=== Data ===

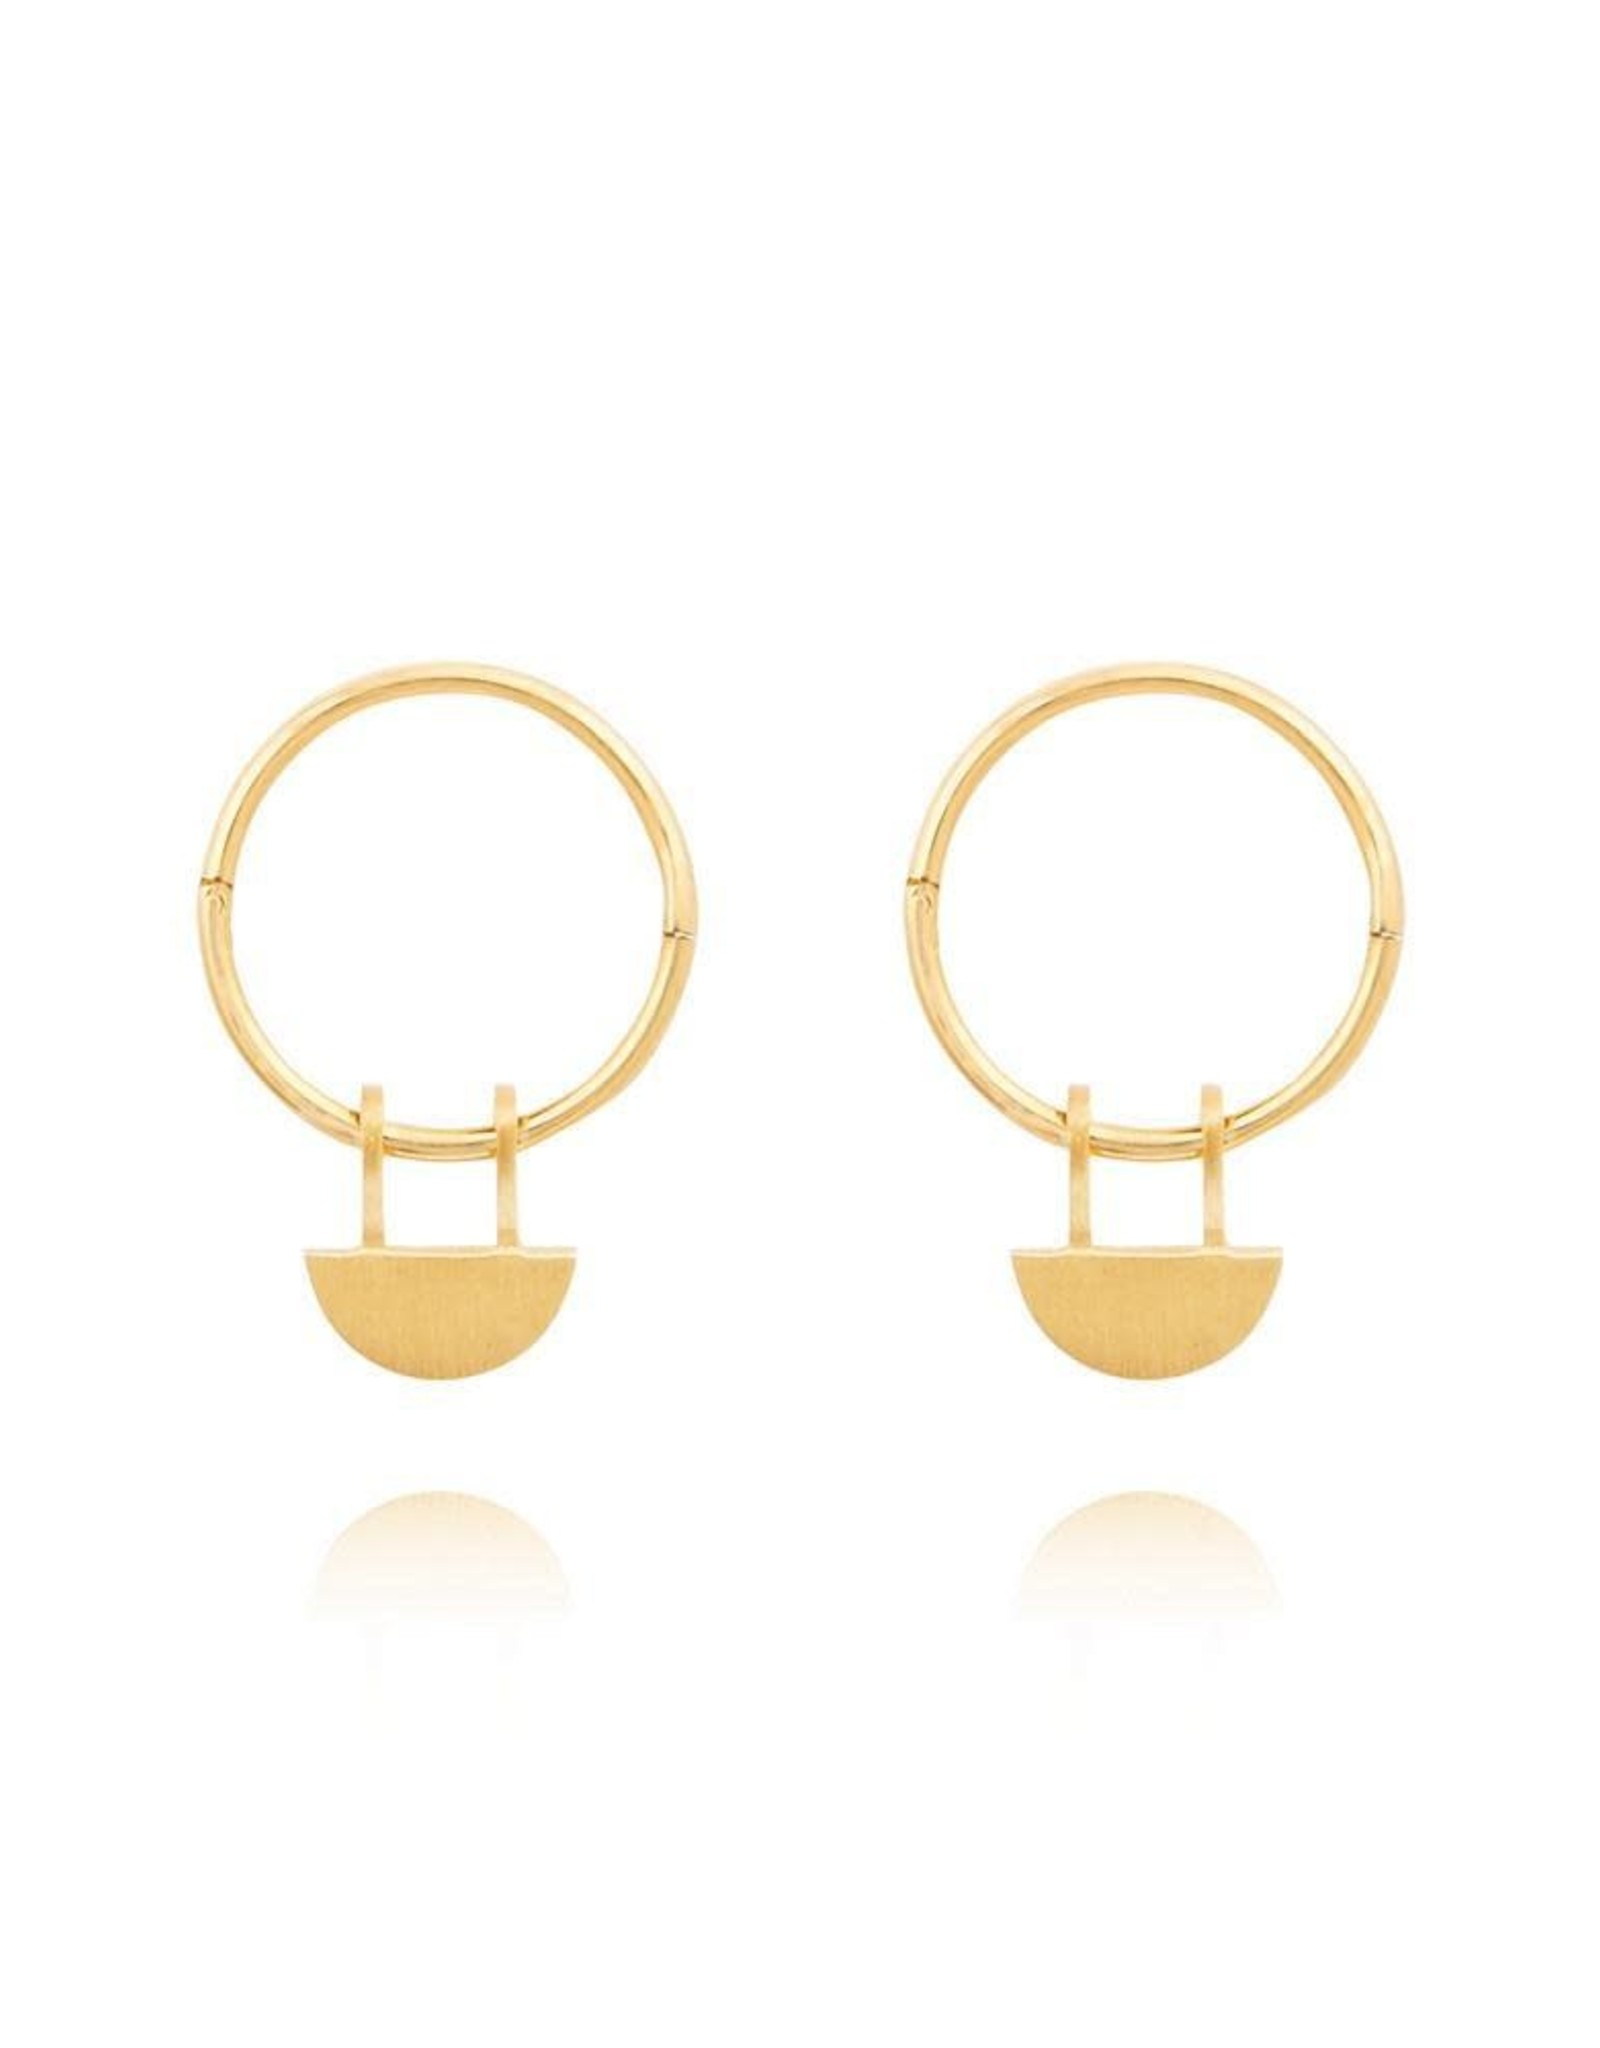 Linda Tahija Yolly Sleeper Hoop Earrings, Gold
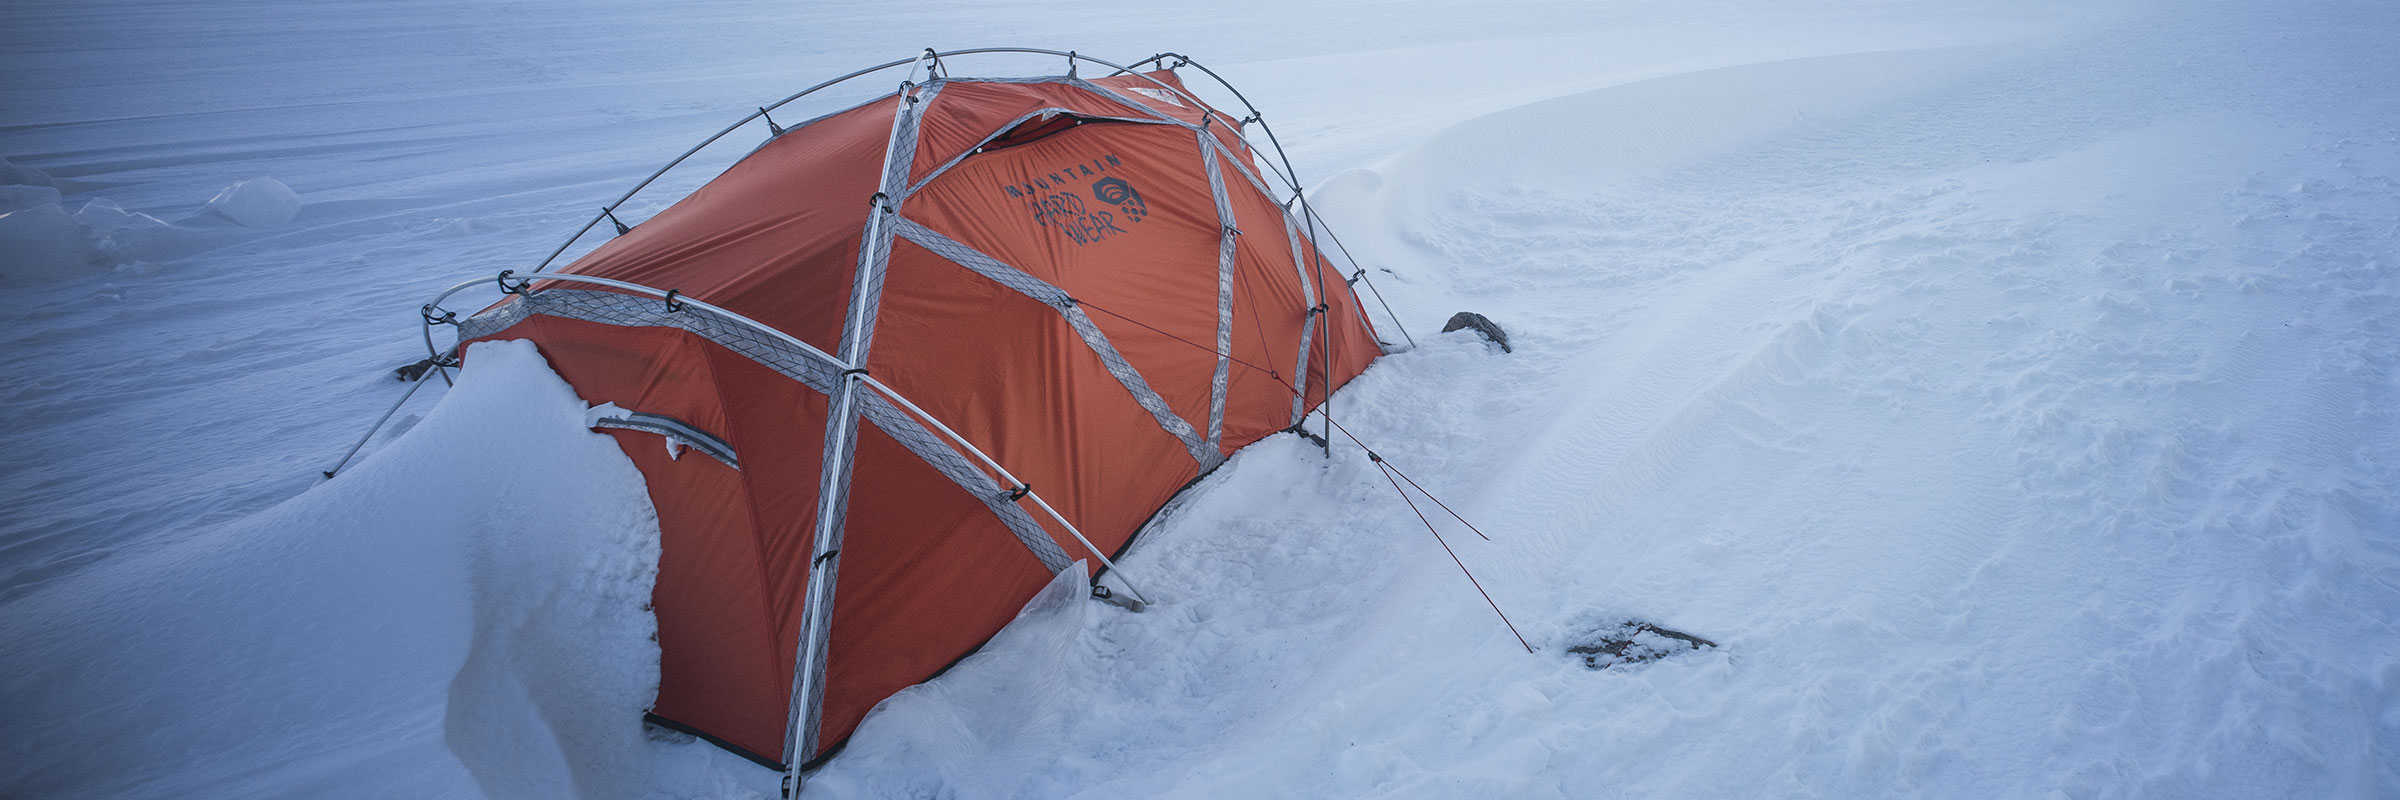 Camping d'hiver: comment choisir la bonne tente ?
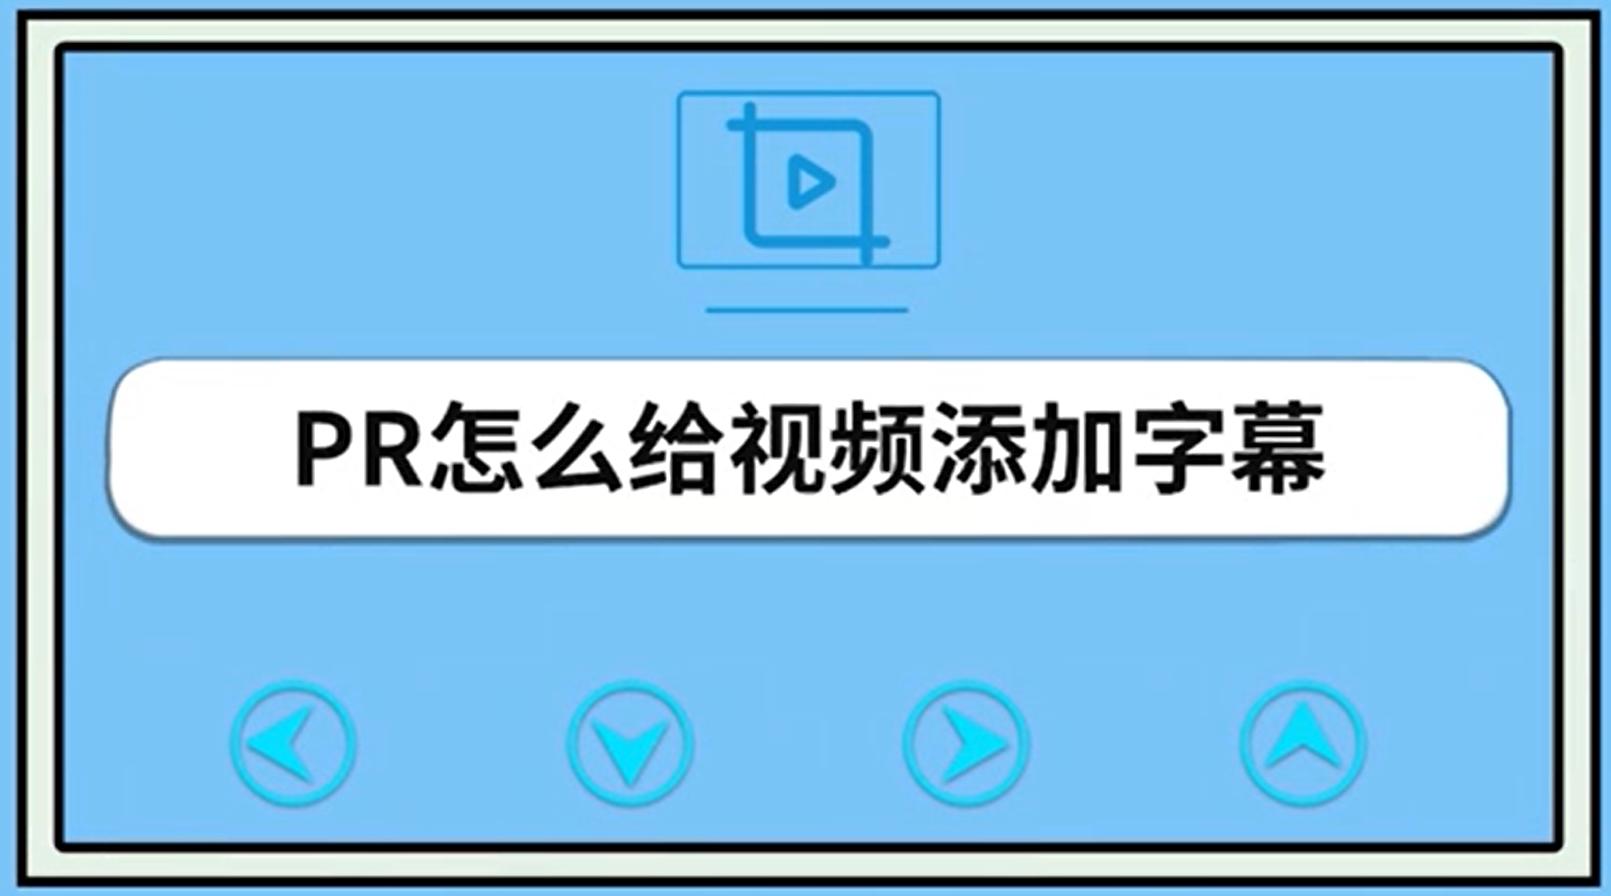 pr加字幕-pr加字幕的方法

===

### What you need to do
Take the listing above and retype it exactly. Its pictures are to be omitted.

### Solution for this task
 Linda Tahija Yolly Sleeper Hoop Earrings, Gold
 Camping d'hiver: comment choisir la bonne tente ?
 pr加字幕-pr加字幕的方法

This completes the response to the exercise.